After git merge origin/main:
main:    A---B---C---E---F---G
              \             \
feature:       D---H---I---M  (M = merge commit)

Visual explanation:

Advantages:

✅ Simple mental model (just combine branches)
✅ Preserves exact history (shows when integration happened)
✅ Each conflict resolved only once (in merge commit)
✅ No force push needed (safe!)
✅ Safe if multiple people work on same branch
✅ Can undo easily (git reset to before merge)

Disadvantages:

❌ Creates merge commits (clutters history)
❌ Non-linear history (harder to read git log)
❌ PR diff might include unrelated changes from main
❌ "Messy" looking git graph

Strategy 2: Rebase Feature onto Main (Rebase Strategy)

The workflow:

# Daily routine (on feature branch)
git fetch --prune
git rebase origin/main
# Resolve conflicts if any
git push --force-with-lease

What happens:

Before rebase:
main:    A---B---C---E---F---G
              \
feature:       D---H---I

After git rebase origin/main:
main:    A---B---C---E---F---G
                           \
feature:                    D'---H'---I'  (commits rewritten!)

Visual explanation:

Advantages:

✅ Clean, linear history
✅ No merge commits cluttering log
✅ Easier git log to read (straight line)
✅ PR review shows only your changes
✅ Easier to cherry-pick or revert specific commits
✅ Professional-looking history

Disadvantages:

❌ Rewrites history (changes commit hashes)
❌ Requires force push (dangerous if not careful!)
❌ Conflicts might appear multiple times (per commit)
❌ Loses information about when integration happened
❌ More complex to understand (for beginners)
❌ Dangerous if others work on same branch

3.4 Conflicts - When and How

How Conflicts Happen

A conflict occurs when:

  1. Same file modified in both branches
  2. Same lines (or nearby lines) changed differently
  3. Git can’t automatically decide which change to keep

Example conflict:

Scenario:
- You changed line 10 in main.py
- Colleague changed line 10 in main.py differently
- Both changes based on old version

When you merge/rebase:
Git says: "I don't know which line 10 is correct!"

Merge Strategy Conflicts

How conflicts appear:

$ git merge origin/main
Auto-merging main.py
CONFLICT (content): Merge conflict in main.py
Automatic merge failed; fix conflicts and then commit the result.
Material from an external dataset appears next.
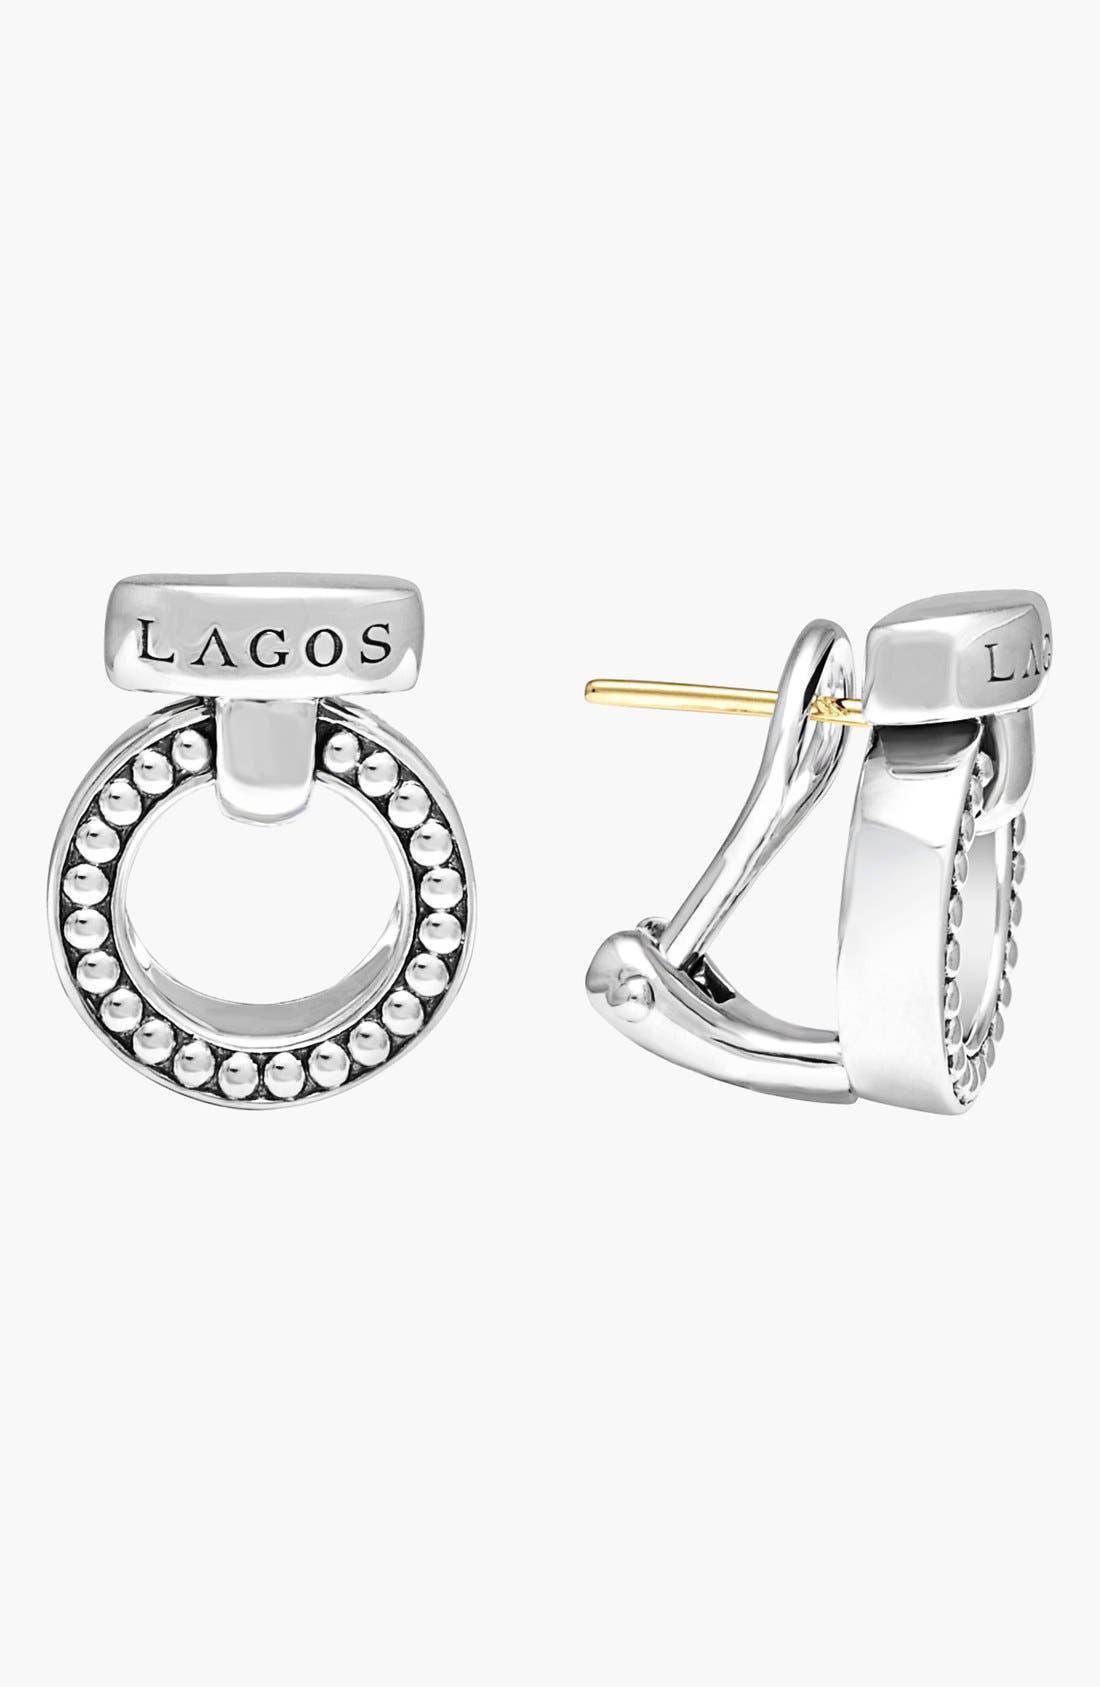 LAGOS 'Enso' Caviar™ Clip Earrings

What the conflict looks like:

# main.py
def calculate_total(items):
<<<<<<< HEAD  (your branch)
    return sum(item.price * item.quantity for item in items)
=======  (main branch)
    return sum(item.final_price() * item.quantity for item in items)
>>>>>>> origin/main

Resolving the conflict:

# 1. Open main.py, edit to resolve conflict
# Choose one version or combine them:
def calculate_total(items):
    return sum(item.final_price() * item.quantity for item in items)

# 2. Mark as resolved
git add main.py

# 3. Complete the merge
git commit  # Git auto-fills merge commit message

Key point: You resolve the conflict once in the merge commit, and you’re done!

Rebase Strategy Conflicts

How conflicts appear:

$ git rebase origin/main
Applying: Add feature X
CONFLICT (content): Merge conflict in main.py
error: could not apply 7ea41f8... Add feature X
Resolve all conflicts manually, mark them as resolved with
"git add/rm <conflicted_files>", then run "git rebase --continue".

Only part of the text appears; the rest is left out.